» About this exercise: Within the entries below, output exactly the lines between the line containing "III Concurso Literario" and the line containing "Festico logo", inclusive, and omit any picture.

» Given data:

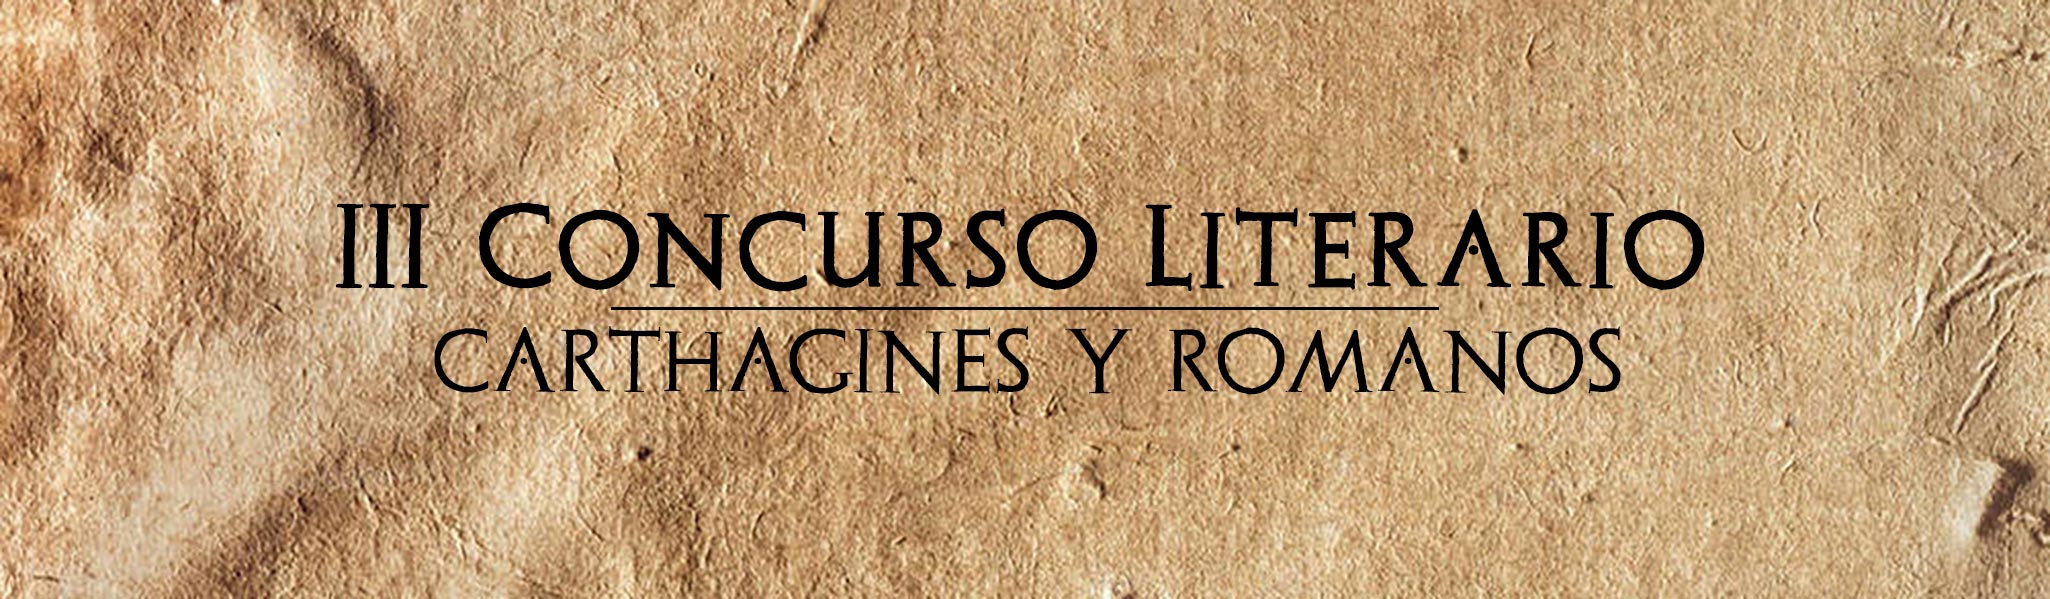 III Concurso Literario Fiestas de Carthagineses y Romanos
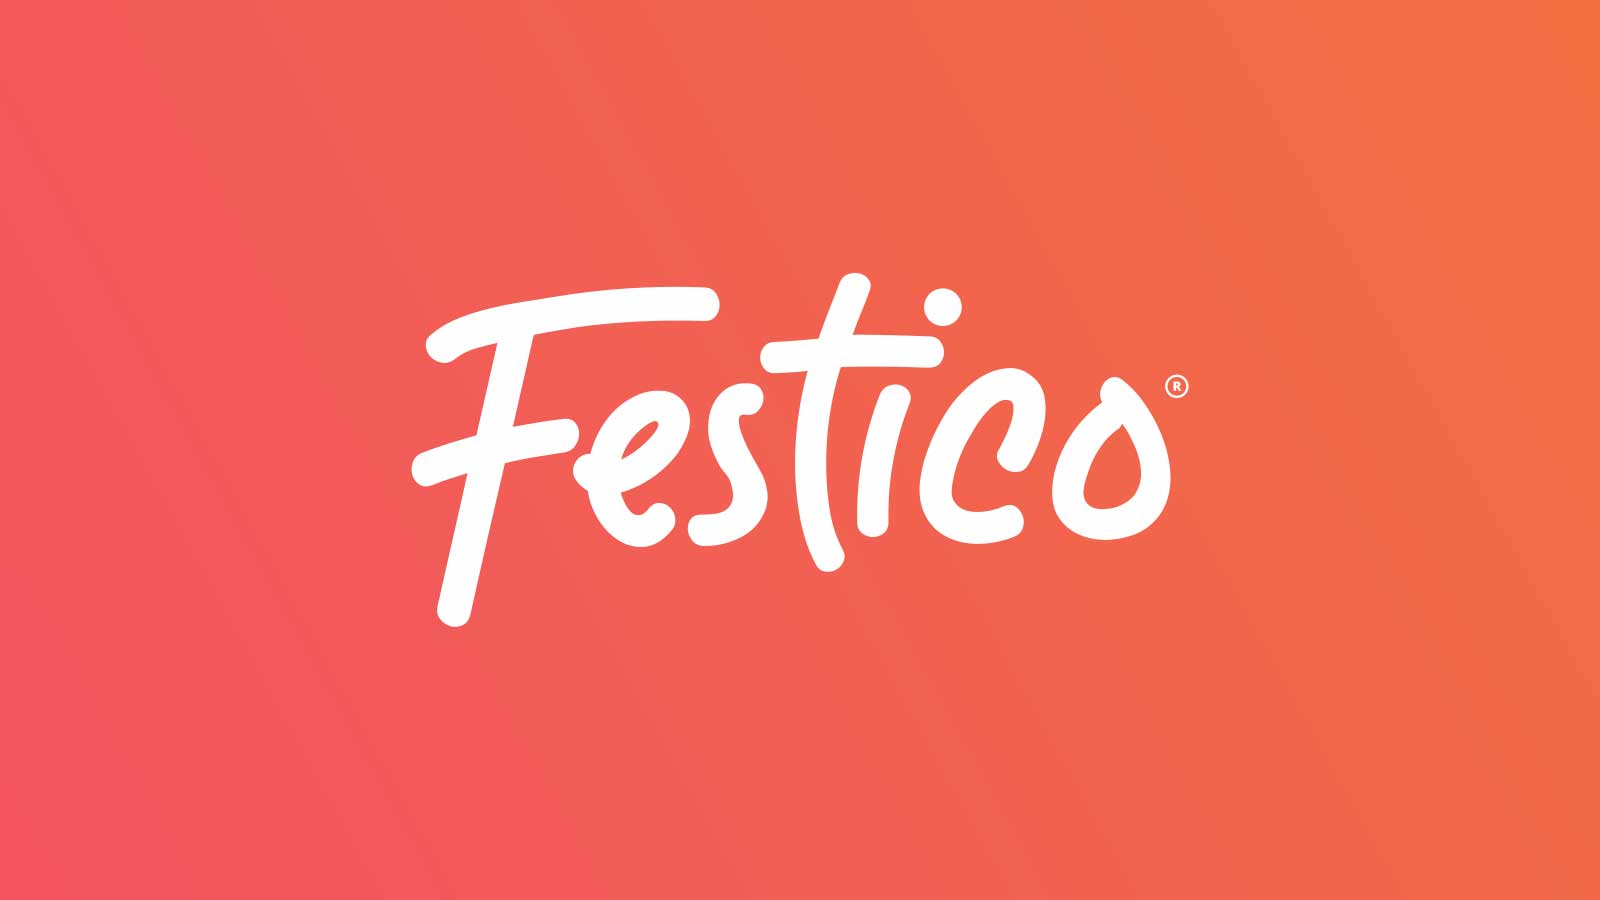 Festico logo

---

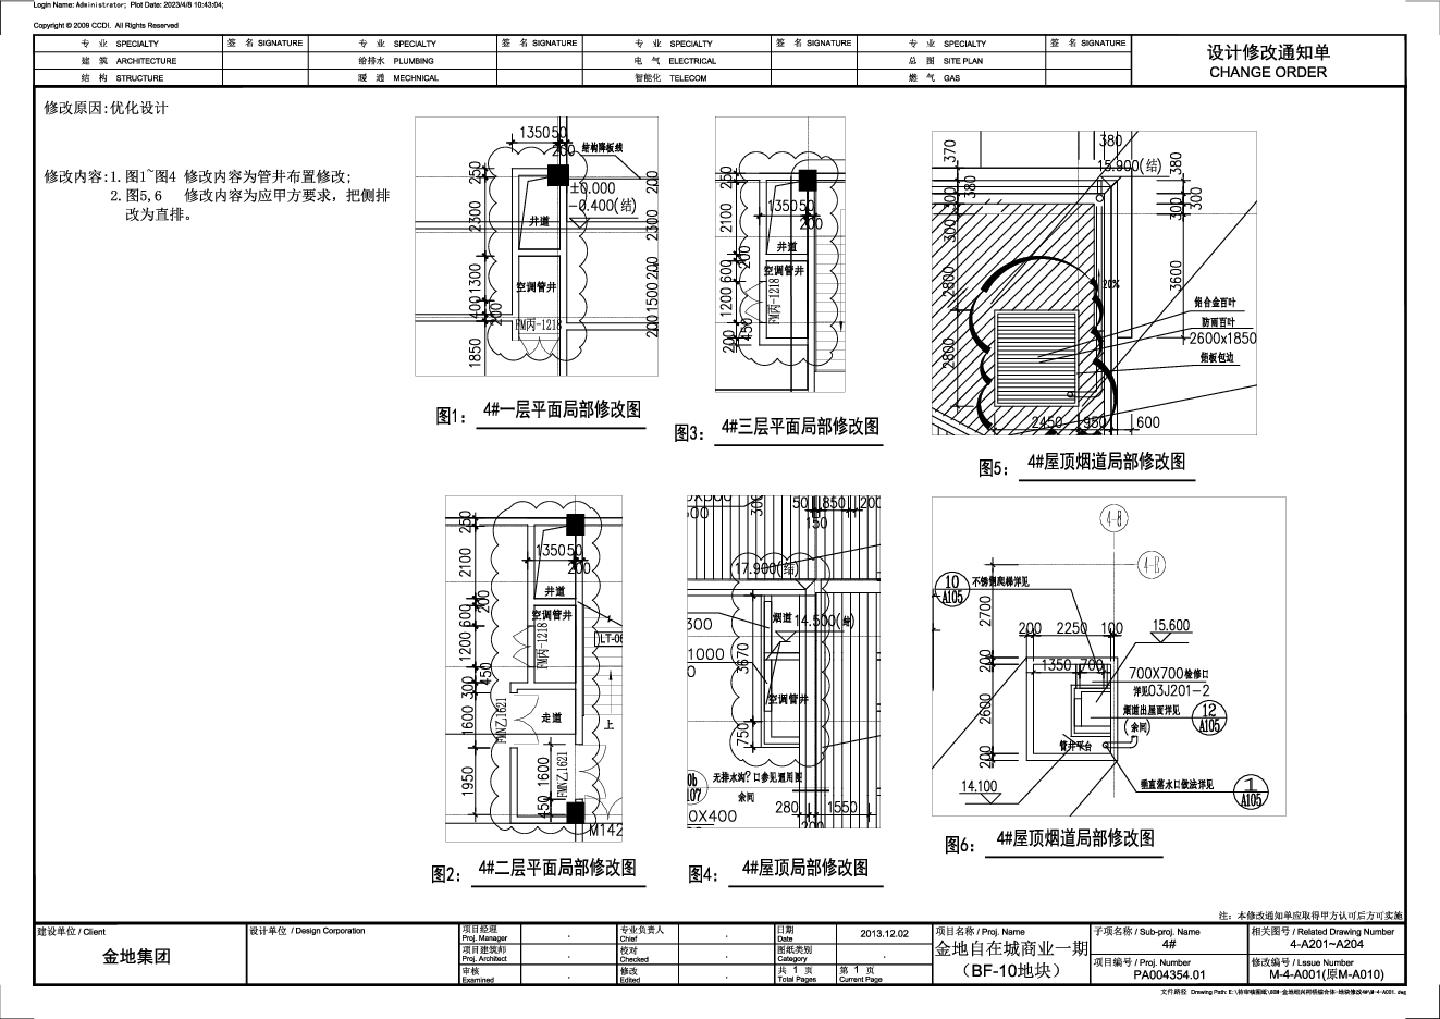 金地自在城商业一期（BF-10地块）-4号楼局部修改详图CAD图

* * *

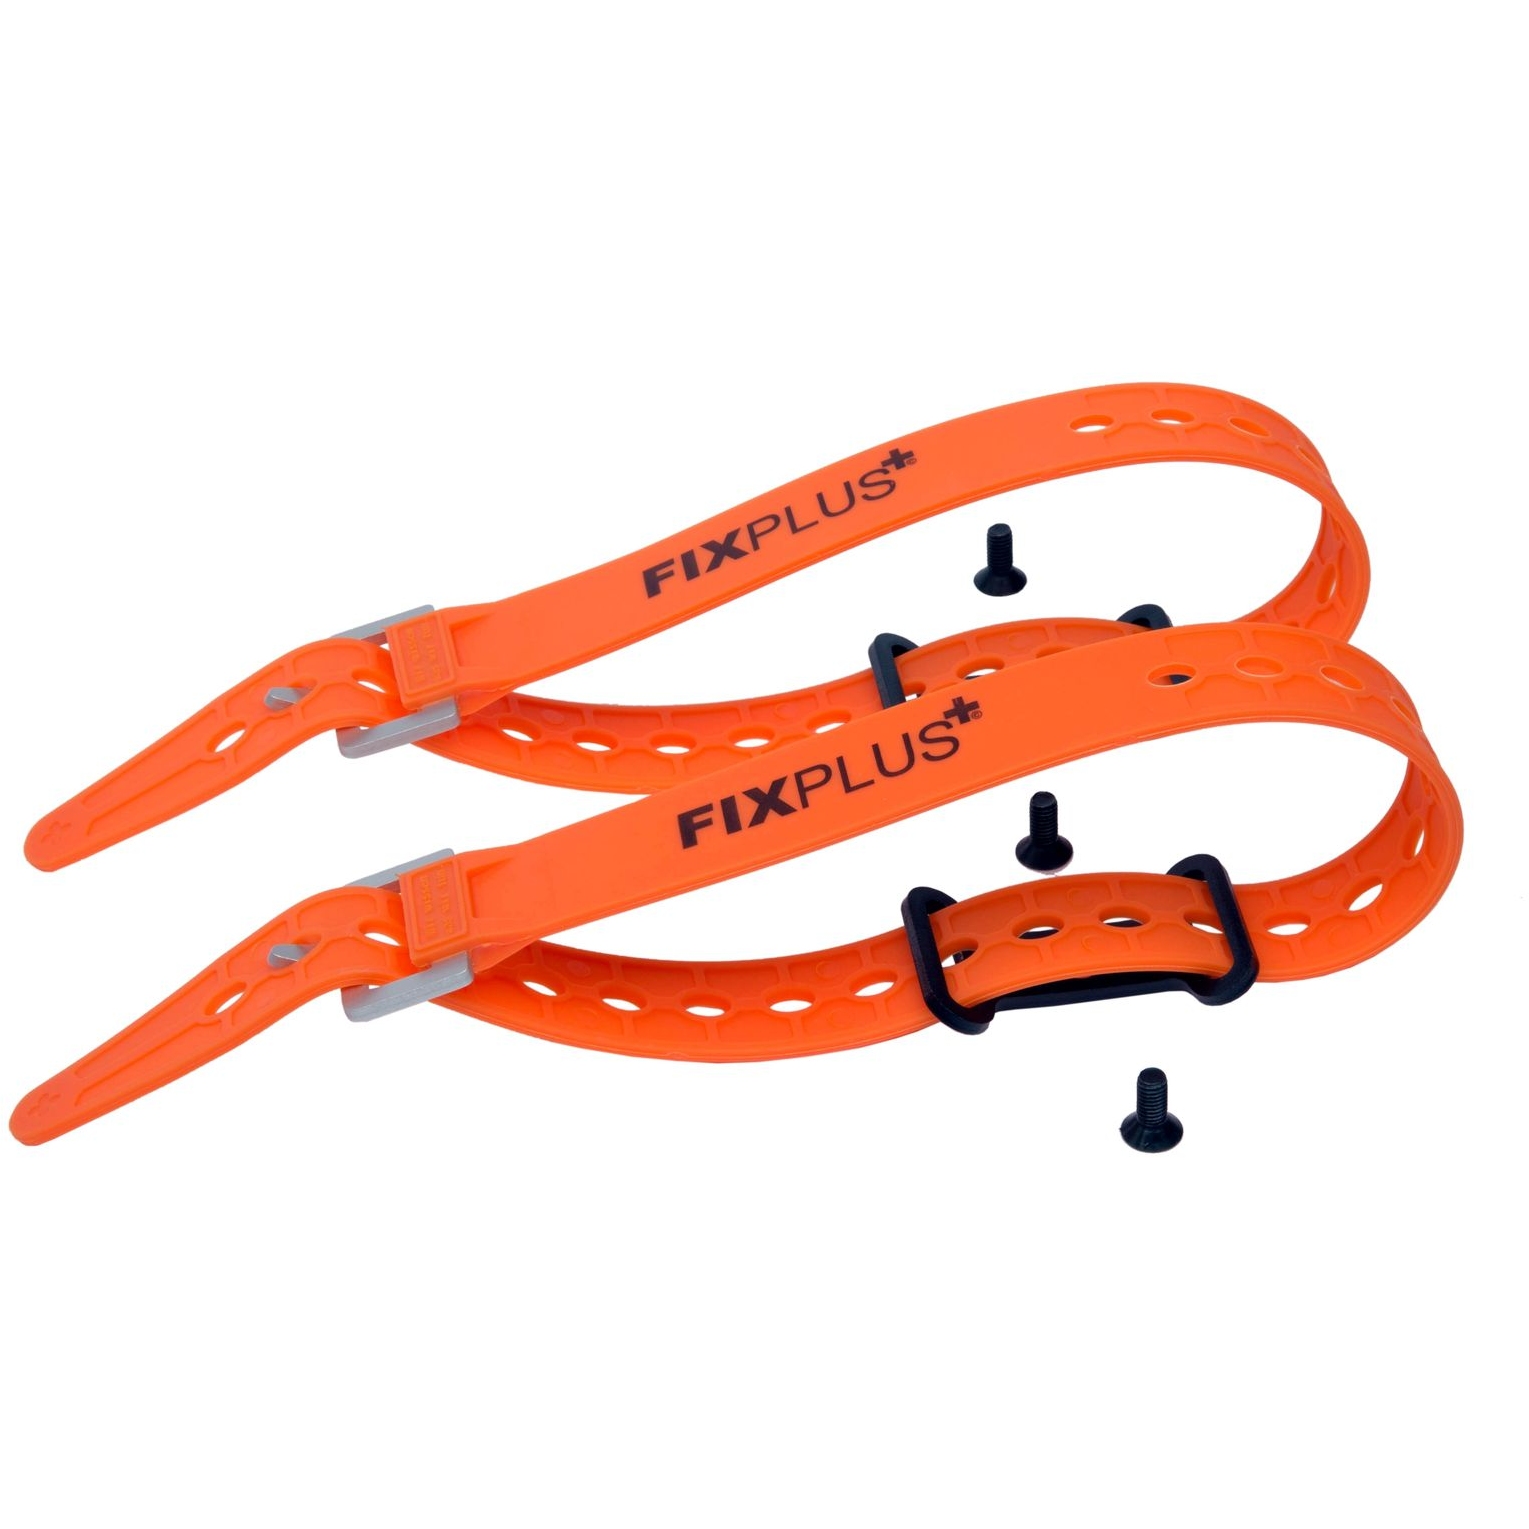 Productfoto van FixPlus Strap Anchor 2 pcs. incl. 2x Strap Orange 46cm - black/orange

» Solution for this task:
 III Concurso Literario Fiestas de Carthagineses y Romanos
 Festico logo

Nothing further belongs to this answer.